TSND-201 (methylone) significantly improved PTSD symptoms in the phase 2 IMPACT-1 trial, announced Transcend Therapeutics on March 31, 2025. The company stated the trial met its primary endpoint—a significant improvement from baseline to day 64 in the Clinician-Administered PTSD Scale for DSM05 (CAPS-5) score.

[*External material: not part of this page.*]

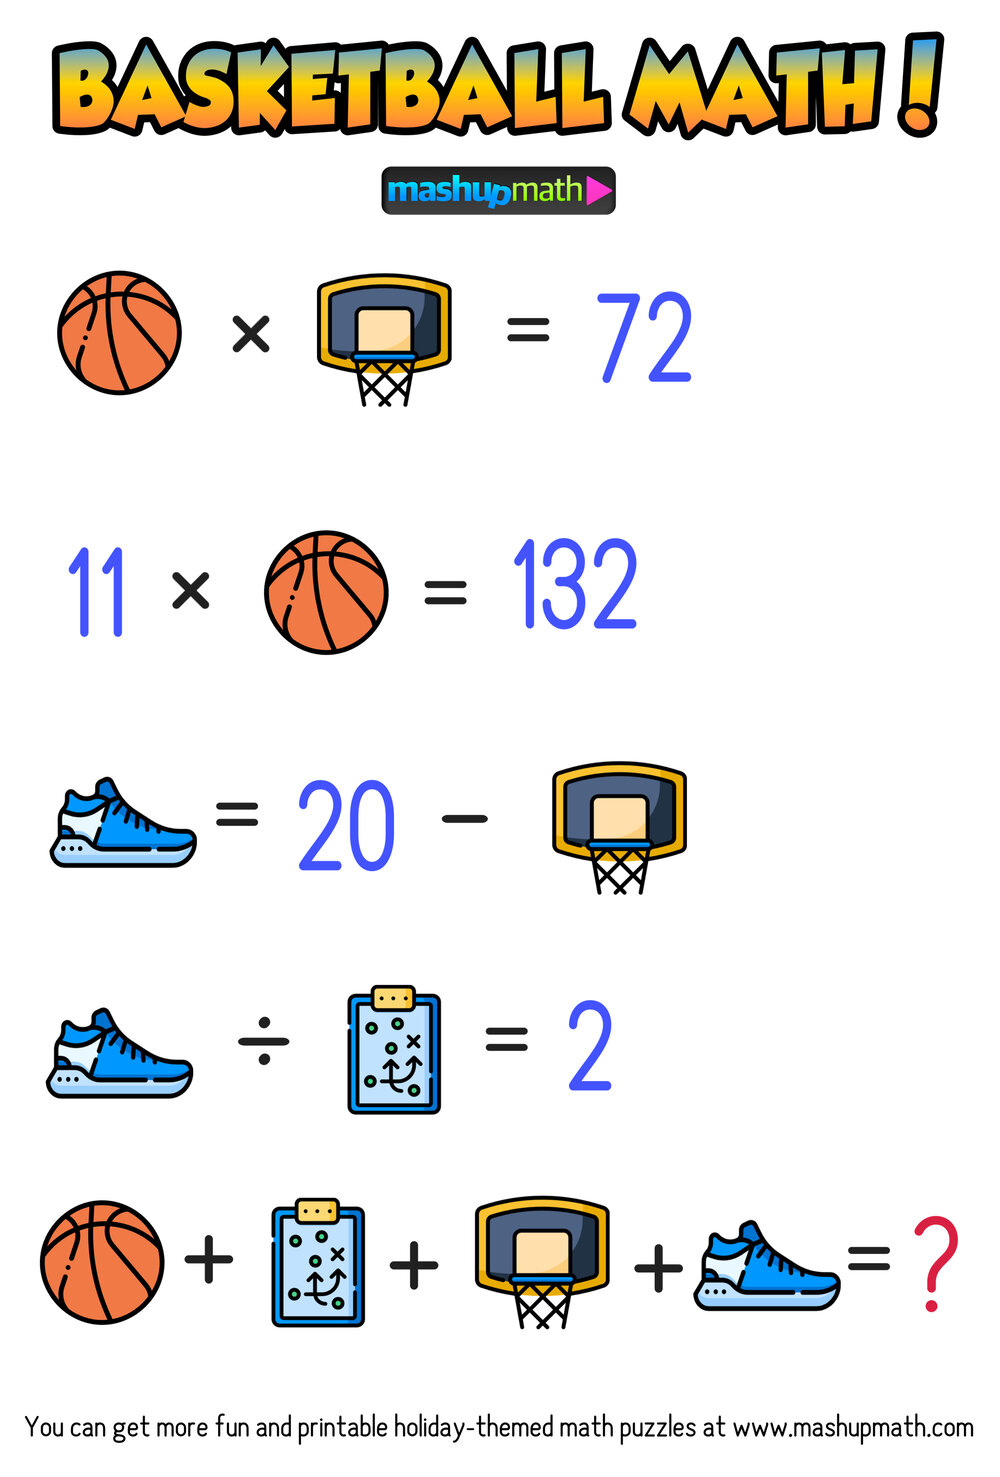 Are Your Kids Ready for These Basketball Math Puzzles? — Mashup Math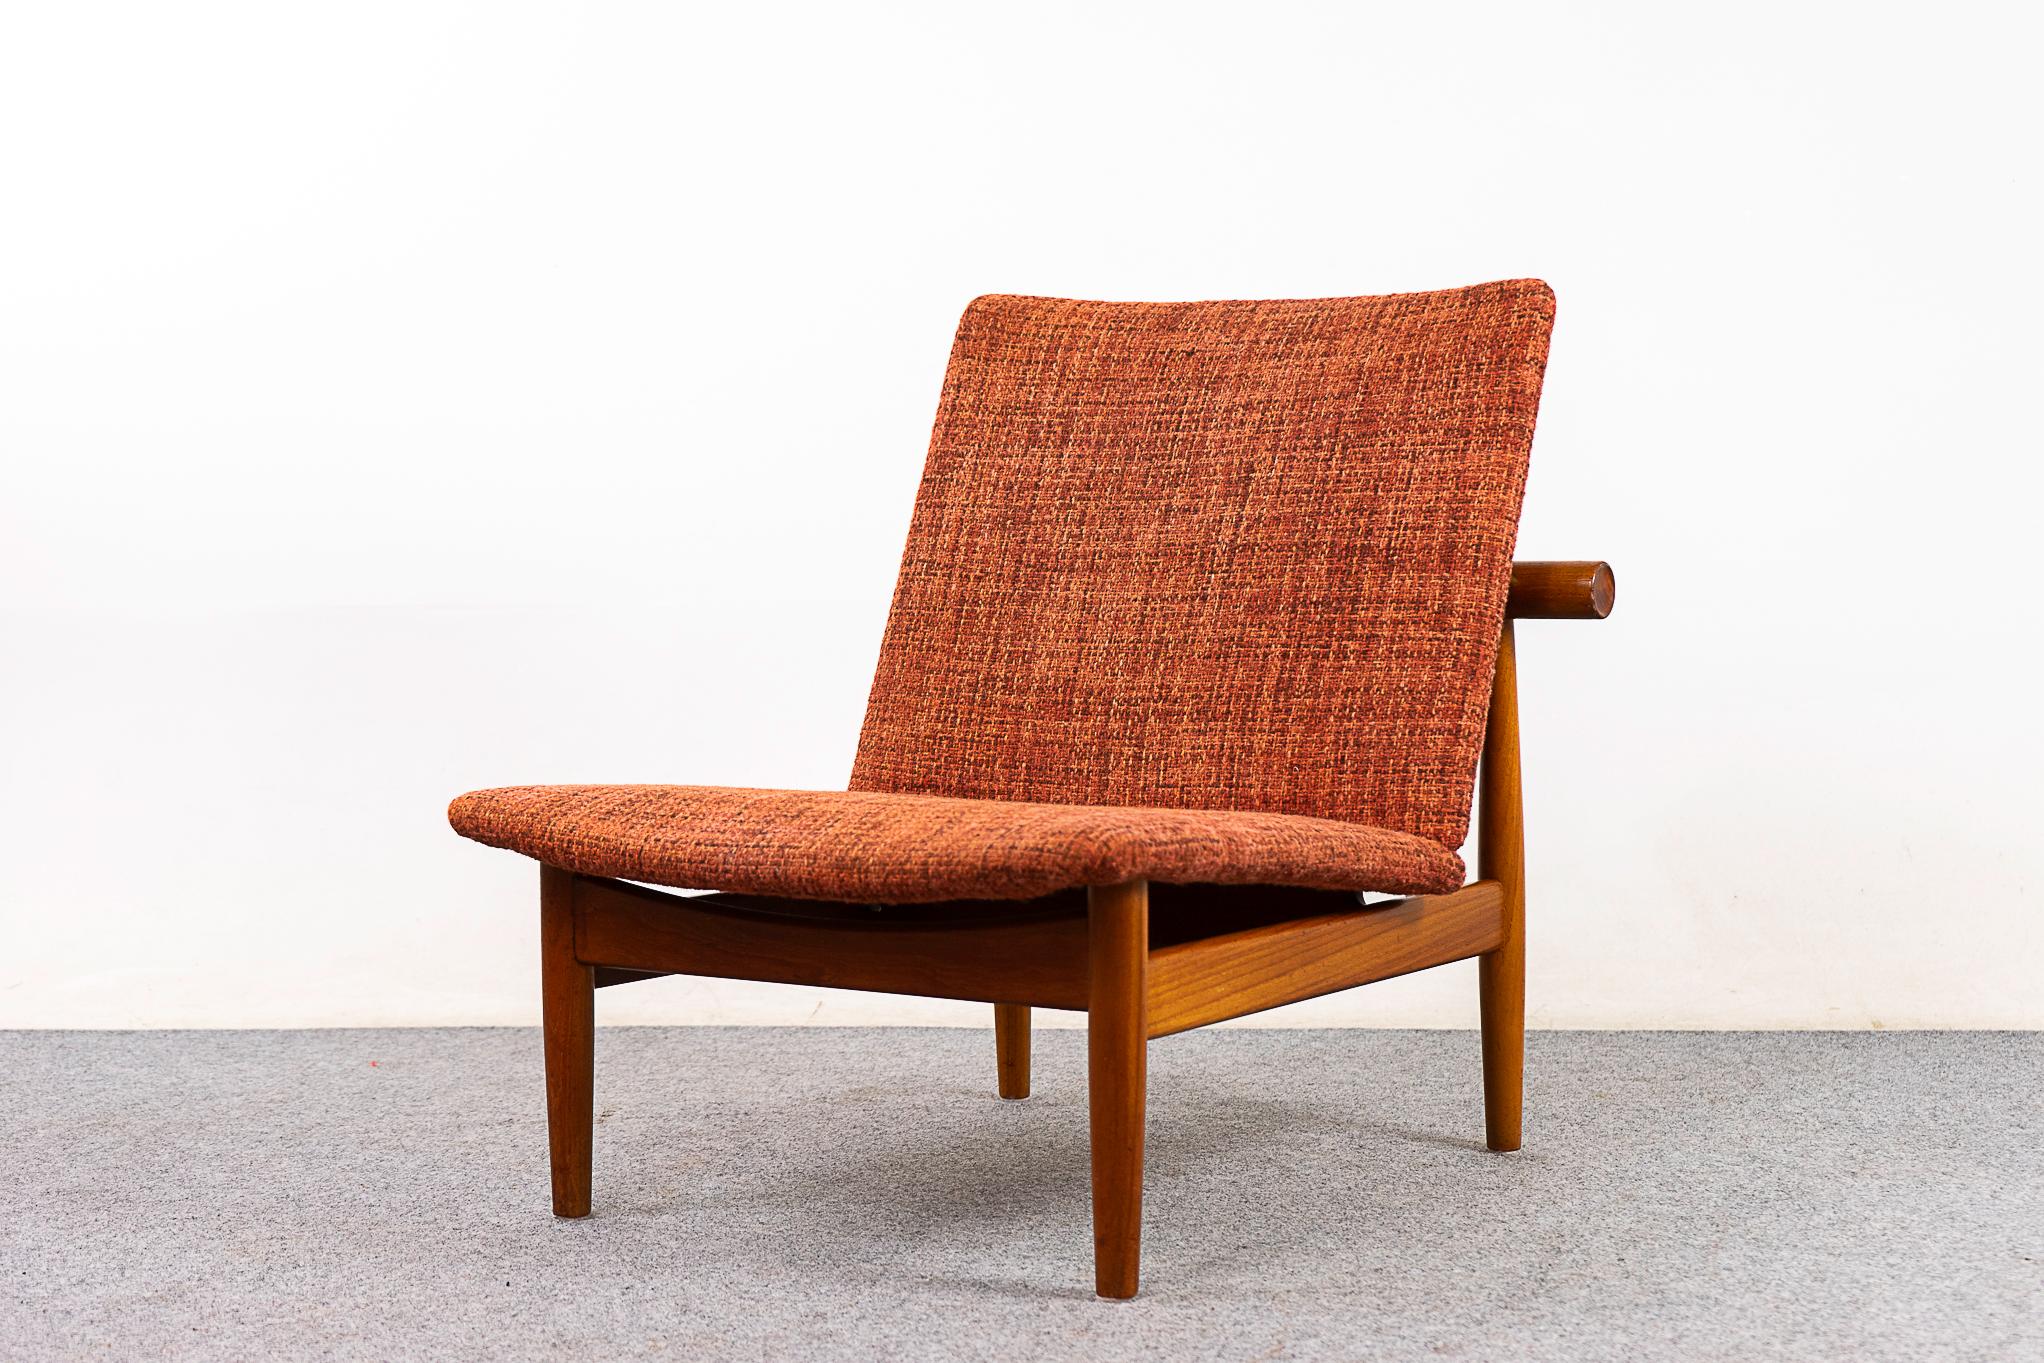 Teak Japan chair by Finn Juhl for France & Son, 1957. Simple, elegant frame inspired by Japanese temple doors. Tapered legs, brass hardware and horizontal back rest with recessed circular ends. France & Son makers mark intact.

“It has been over two decades without a new treatment for PTSD. The results of this study suggest that TSND-201 may represent a significant clinical breakthrough — demonstrating clinically meaningful efficacy with a rapid onset,” said Murray B. Stein, MD, MPH, professor of psychiatry and public health at the University of California San Diego and Staff Psychiatrist at the Veteran Affairs San Diego Healthcare System, in a statement. “Rapid-acting, episodic treatments could be a paradigm shift in the treatment of PTSD, providing hope for the many patients who have struggled to find effective relief.”

IMPACT-1, a randomized, double-blind, placebo-controlled phase 2 trial, evaluated TSND-201 for the treatment of PTSD. TSND-201 is a rapid-acting neuroplastogen with the primary site of action monoamine transporters and no activity at 5HT-2a.

The trial included 65 patients with severe PTSD who had a CAPS-5 ≥ 35 who did not respond well to other PTSD treatment. Participants were randomized to receive 4 oral doses of TSND-201 or placebo once a week and were followed for 64 days after the first dose.

On average, TSND-201 demonstrated a statistically significant CAPS-5 improvement of - 9.64 points on day 64, compared with placebo (-23.28 points vs -13.64 points; P = .0011). The improvement on TSND-201 was evident on day 10, with a mean reduction of 8.00 points (P = .012). TSND-201 also brought rapid and statistically significant improvements from baseline on the CAPS-5 total severity score.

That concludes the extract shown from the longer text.